昔は平凡な企業戦士、今は辣腕頑固老人の日常!

日頃の思いや鬱憤を吐露!無礼千万なコメントは削除。

トヨタの町、名古屋の灯が消えそう

先週、久しぶりに名古屋に出かけた。
前回訪ねたのはおよそ半年ほど前で、トヨタの業績にやや陰りが見え始めてはいたものの、まだまだ町中に元気があった。

しかし、今回はまるで雰囲気が違う。
ちょうどトヨタが経費削減の為に接待禁止令を出した後だった為か、夜の飲み屋の客足が極端に減っているようだ。
接待費を減らす事でいかほどの効果があるのか分からないが、あのトヨタを持ってしても、とにかく何でもいいから合理化を検討しなければならないほど収益が悪化している。

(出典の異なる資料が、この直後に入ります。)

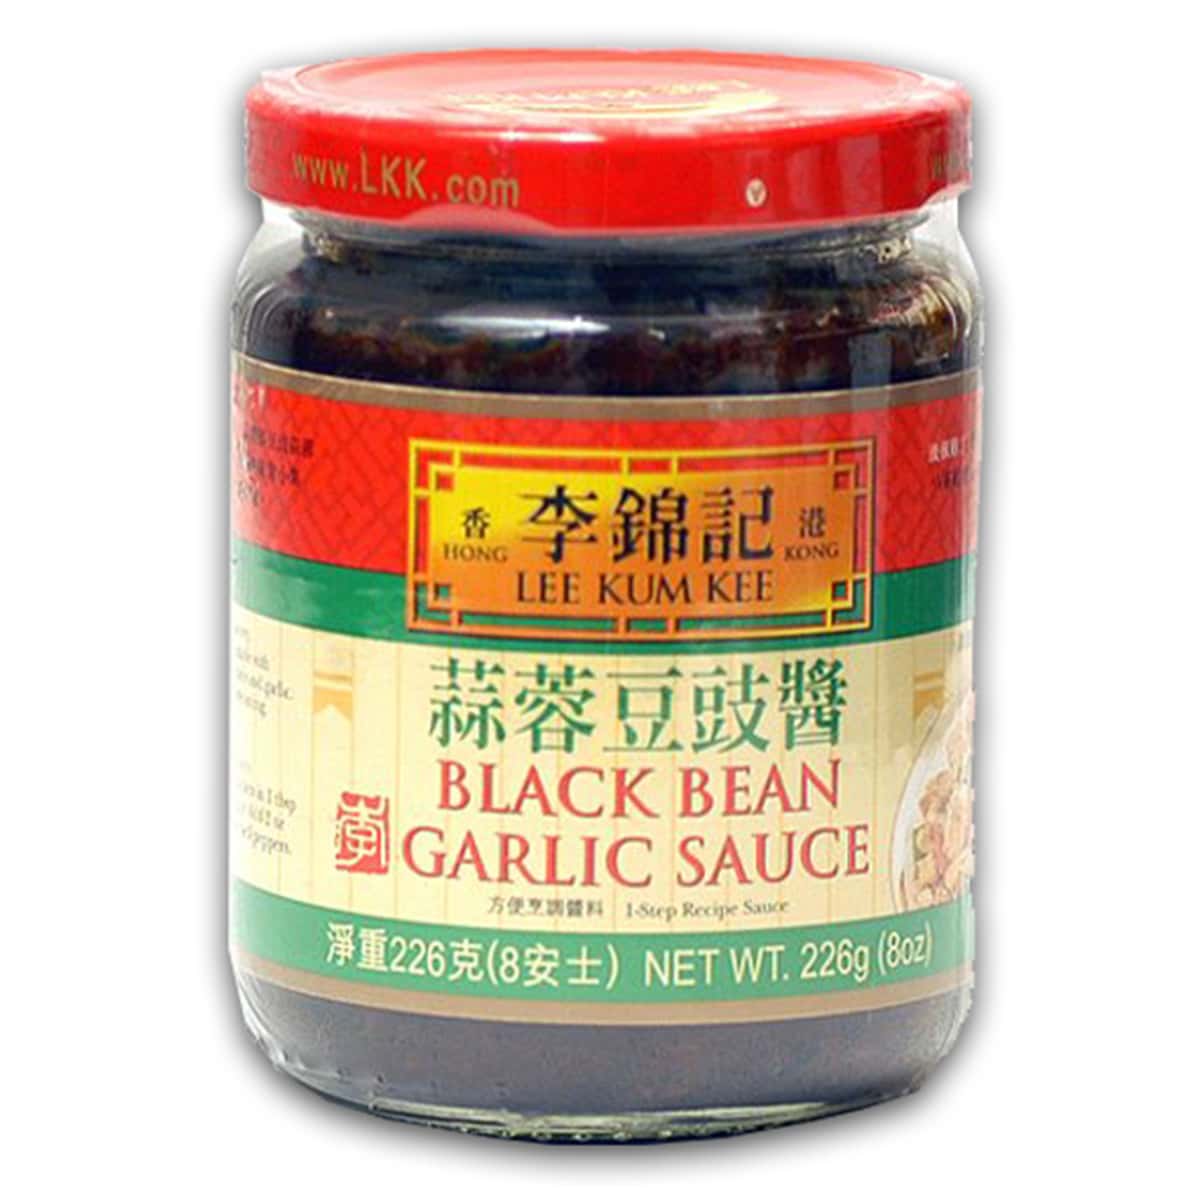 Buy Lee Kum Kee Black Bean Garlic Sauce - 226 gm

つい先日までのトヨタは世界一の自動車メーカになる直前で、その経営方針は賞賛の嵐の中にあった。
日本中の企業が、トヨタ生産方式を真似ていた。
まさしく日本のエクセレントカンパニーの代表がトヨタだった。
そのトヨタですら、車の販売不振に喘いでいる。
ガソリンが元の価格に下がっても、車の購買意欲は衰えたままだ。

悪い事に、トヨタカンバン方式も足を引っ張っている。
寸分の狂いもなく部品を納入するため、納入業者はどうしても在庫を多く持っていた。
ところが一気に、しかも急激な生産調整になったので、手持ちの在庫をさばき切れていない。
一昨年のトヨタの利益は1兆6千億円、昨年はさらに上向き2億4千億円、今年は6千億円と中間発表されたが、その内の5千8百億円は上期の実績、下期はわずかに180億円の見込みらしいが、それすら達成できないと下方修正される。
今回の不況がいかに厳しいものかを表している。
この十年間、日本だけではなく世界中から羨ましがられたトヨタの快進撃を知る者としては、あまりの様変わりにただただ驚くばかりだ。

株価の低迷も痛い。
企業や銀行の持ち株評価損が大きくなり、積極的な設備投資も出来ない。
また、今回の不況の発信源アメリカではビッグ3への支援策がまとまらない。
その為、日本の株価がさらに下がり、円高が進行していくとの悪循環に陥っている。
あらゆる企業の想像の域を超えて、不況が現実のものになってしまった。

このままではトヨタと共に隆盛を極めてきた名古屋市内の多数の飲食店が行き詰るのでは、との不安が囁かれていた。
こんなドン底の日本経済回復の起爆剤は一体何なのだろう・
その答えが見つからないまま、不況だけがドンドン深刻になっている。